Walmart says fashion and beauty drive strong quarterly growth
Fashion and beauty were Walmart’s quarter’s loudest signals, pointing to more resets, fresher displays, and heavier service demands on the sales floor.
Walmart’s latest quarter showed where the company wants more of its store execution to land: fashion and beauty. Those categories were singled out as standouts as Walmart reported first-quarter fiscal 2026 net income of $5.3 billion, up 18.8% from a year earlier, on revenue of $177.8 billion, up 7.3%. Adjusted earnings per share came in at 66 cents, matching expectations, while e-commerce grew 26% and advertising revenue jumped 37%, a mix that keeps pulling stores closer to digital fulfillment and media-driven retail.
For associates, the more important signal is not the headline numbers but what has to happen on the floor to support them. Stronger fashion and beauty sales usually mean more resets, more feature presentations, tighter replenishment, and more customer questions about brands, sizes, shade matching, and where new merchandise lives. Walmart has also been reshaping private labels into more cohesive brands and adding higher-end third-party labels through its marketplace, which makes the sales floor feel more curated and less like a basic fill-and-go operation. That shift tends to fall hardest on apparel, beauty, and front-end teams, where presentation and service expectations rise together.
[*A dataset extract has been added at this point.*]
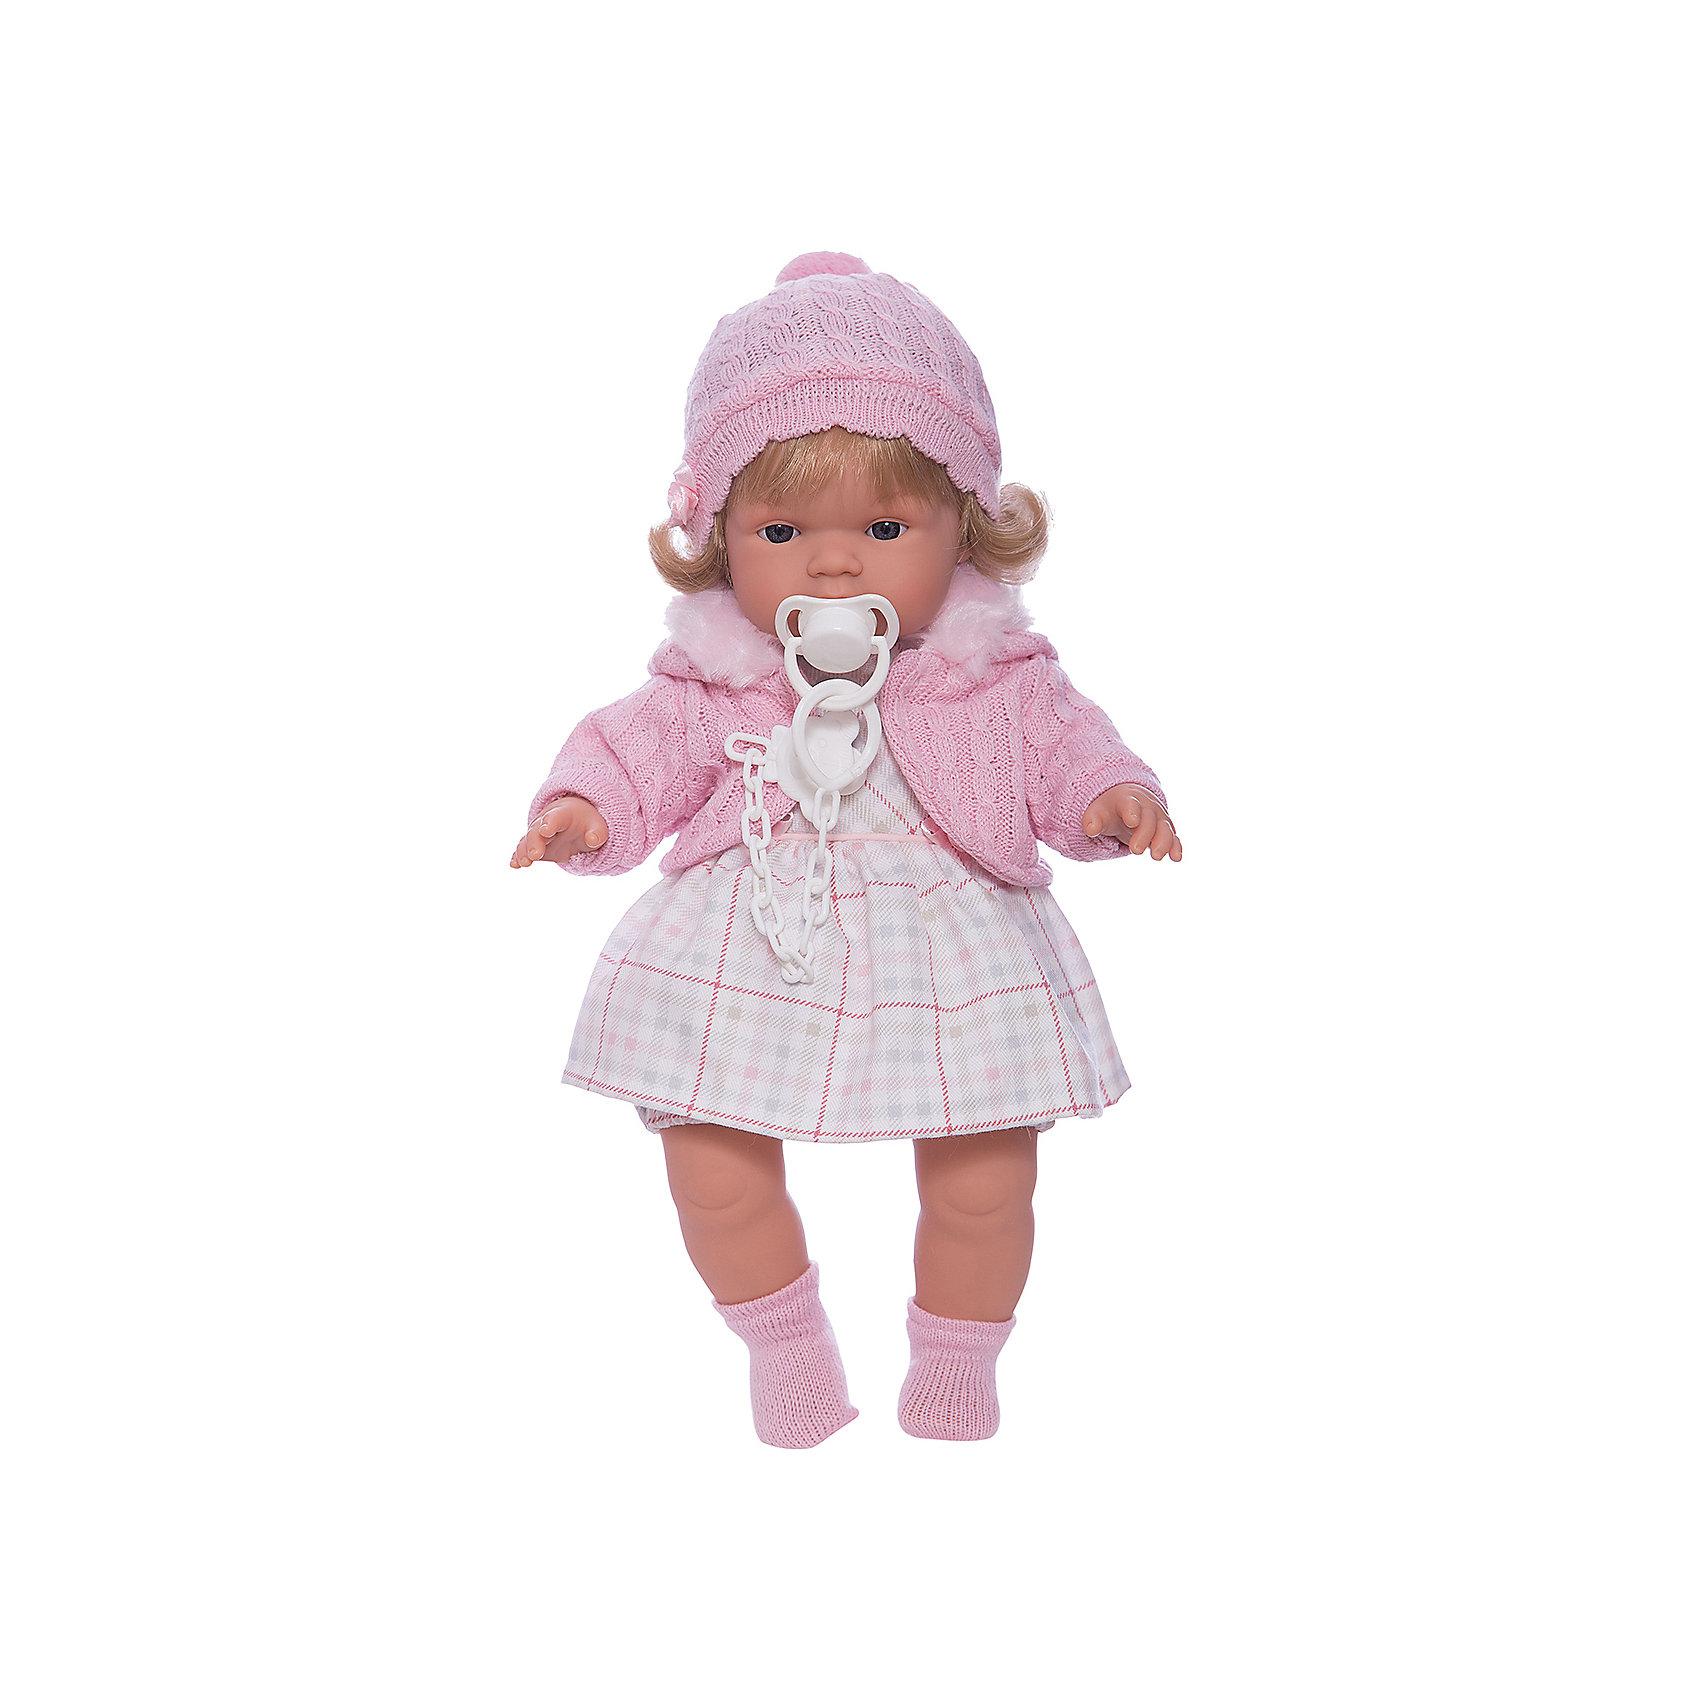 Кукла Лидия, 38 см, LlorensХарактеристики:<br><br>• Предназначение: для сюжетно-ролевых игр<br>• Тип куклы: мягконабивная<br>• Пол куклы: девочка <br>• Цвет волос: блондинка<br>• Материал: поливинилхлорид, пластик, нейлон, текстиль<br>• Цвет: розовый, белый<br>• Высота куклы: 38 см<br>• Комплектация: кукла, платье, флисовая курточка с капюшоном, пинетки, пустышка на цепочке<br>• Вес: 1 кг 050 г<br>• Размеры упаковки (Д*В*Ш): 23*45*12 см<br>• Упаковка: подарочная картонная коробка <br>• Особенности ухода: допускается деликатная стирка без использования красящих и отбеливающих средств предметов одежды куклы<br><br>Кукла Лидия 38 см без звука – кукла, производителем которого является всемирно известный испанский кукольный бренд Llorens. Куклы этой торговой марки имеют свою неповторимую внешность и целую линейку образов как пупсов, так и кукол-малышей. Игрушки выполнены из сочетания поливинилхлорида и пластика, что позволяет с высокой долей достоверности воссоздать физиологические и мимические особенности маленьких детей. При изготовлении кукол Llorens используются только сертифицированные материалы, безопасные и не вызывающие аллергических реакций. Волосы у кукол отличаются густотой, шелковистостью и блеском, при расчесывании они не выпадают и не ломаются.<br>Кукла Лидия 38 см без звука выполнена в образе малышки: у куклы светлые волосы до плеч, которые можно укладывать в различные прически. В комплект одежды Лидии входит платьице в клетку, вязаная кофточка нежного розового цвета, шапочка с помпоном и носочки. У малышки имеется соска на цепочке-держателе. <br>Кукла Лидия 38 см без звука – это идеальный вариант для подарка к различным праздникам и торжествам.<br><br>Куклу Лидию 38 см без звука можно купить в нашем интернет-магазине.<br><br>Ширина мм: 23<br>Глубина мм: 45<br>Высота мм: 12<br>Вес г: 1050<br>Возраст от месяцев: 36<br>Возраст до месяцев: 84<br>Пол: Женский<br>Возраст: Детский<br>SKU: 5086909
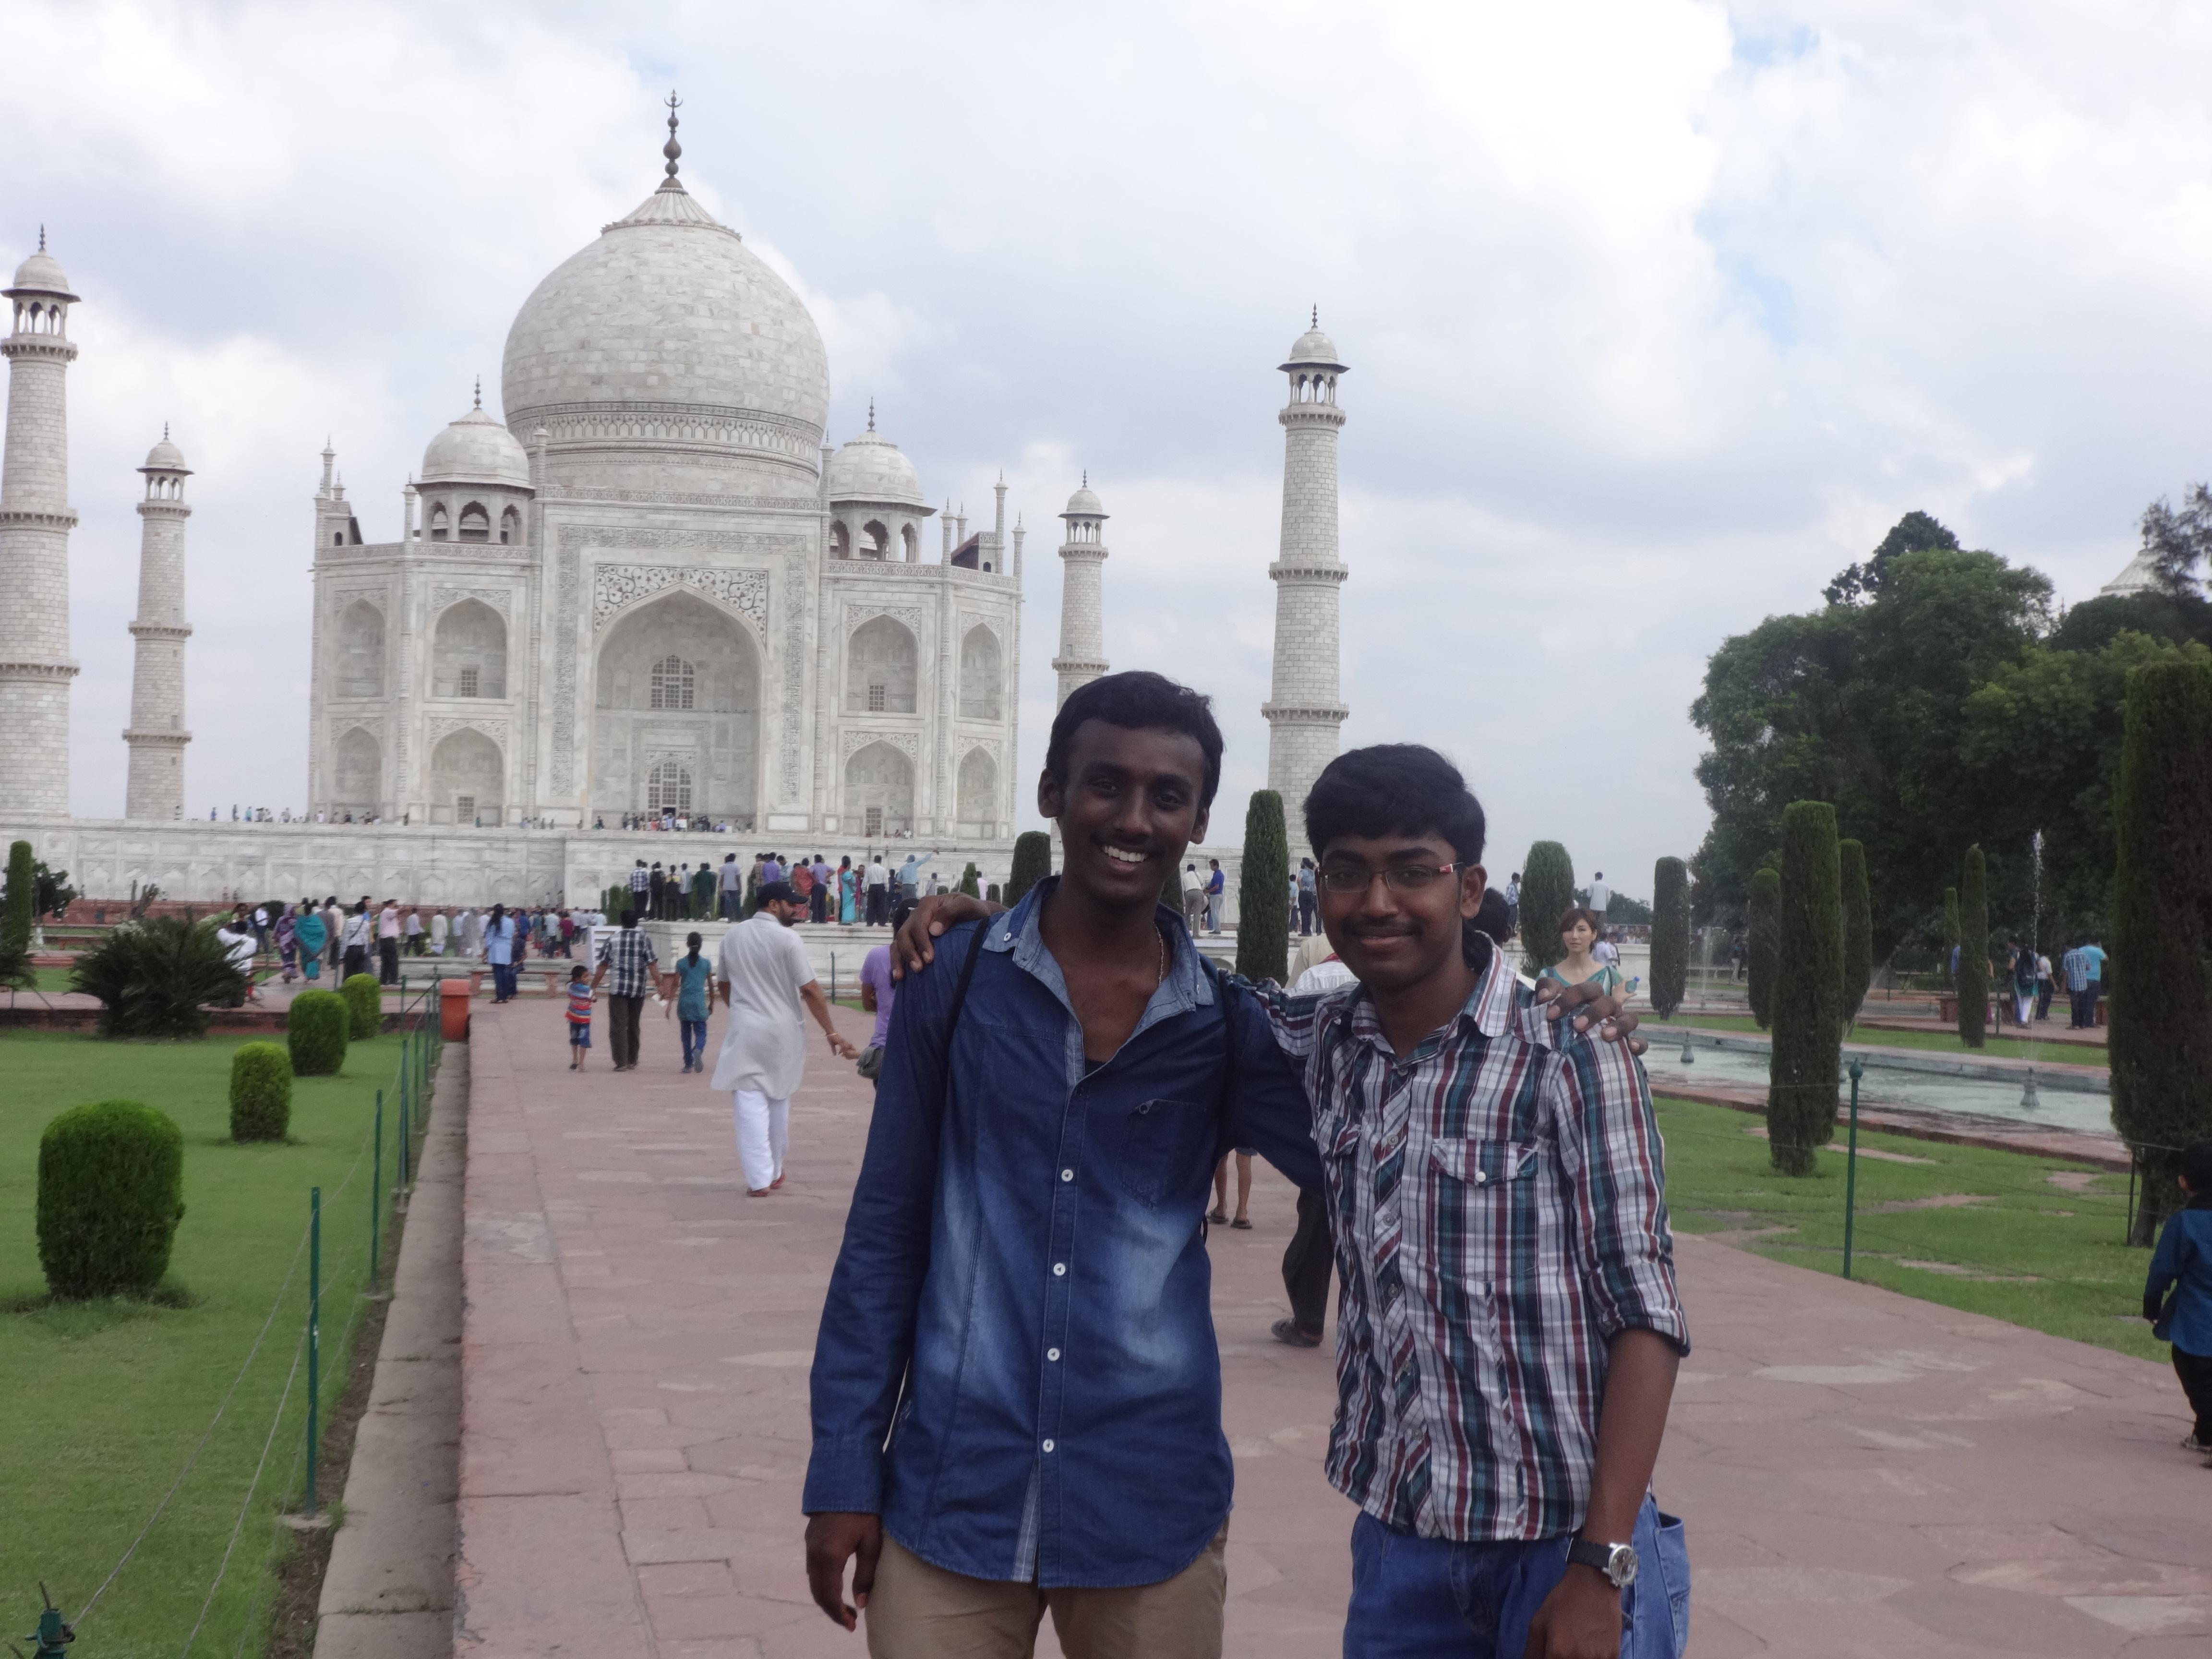 TajMahal Taj Mahal - India Vishal Pallerla

The company reinforced that direction in Bentonville, Arkansas, on May 21 when it reiterated its full-year outlook and guided second-quarter net sales to rise 3.5% to 4.5% in constant currency. Walmart also said growth in global platforms including advertising, membership, and marketplace is improving its mix. On the same call, CEO Doug McMillon, CFO John David Rainey, Walmart U.S. chief John Furner, Walmart International CEO Kath McLay, Sam’s Club CEO Chris Nicholas, and chief growth officer Seth Dallaire all pointed to a business that is leaning harder into digital and category expansion at the same time.

Beauty has become a particularly deliberate piece of that push. Walmart’s corporate newsroom highlighted The Beauty Aisle, Redefined on April 30, a pilot program the company described as turning passion into a profession. That fits the broader store strategy: make beauty feel more specialized, make fashion feel more elevated, and keep associates ready to guide shoppers who may expect more help than they once did at Walmart.
The market reaction was less celebratory than the quarter itself. Shares fell after earnings, and some coverage pointed to higher fuel and transportation costs weighing on operating income. But the operational message for the store level was clear enough: Walmart is betting that better assortment, better presentation, and stronger digital support will keep pulling traffic, even if Wall Street remains impatient about the cost side. Walmart says it employs about 2.1 million associates worldwide, which means every incremental push into fashion and beauty scales quickly from one store reset to a companywide operating change.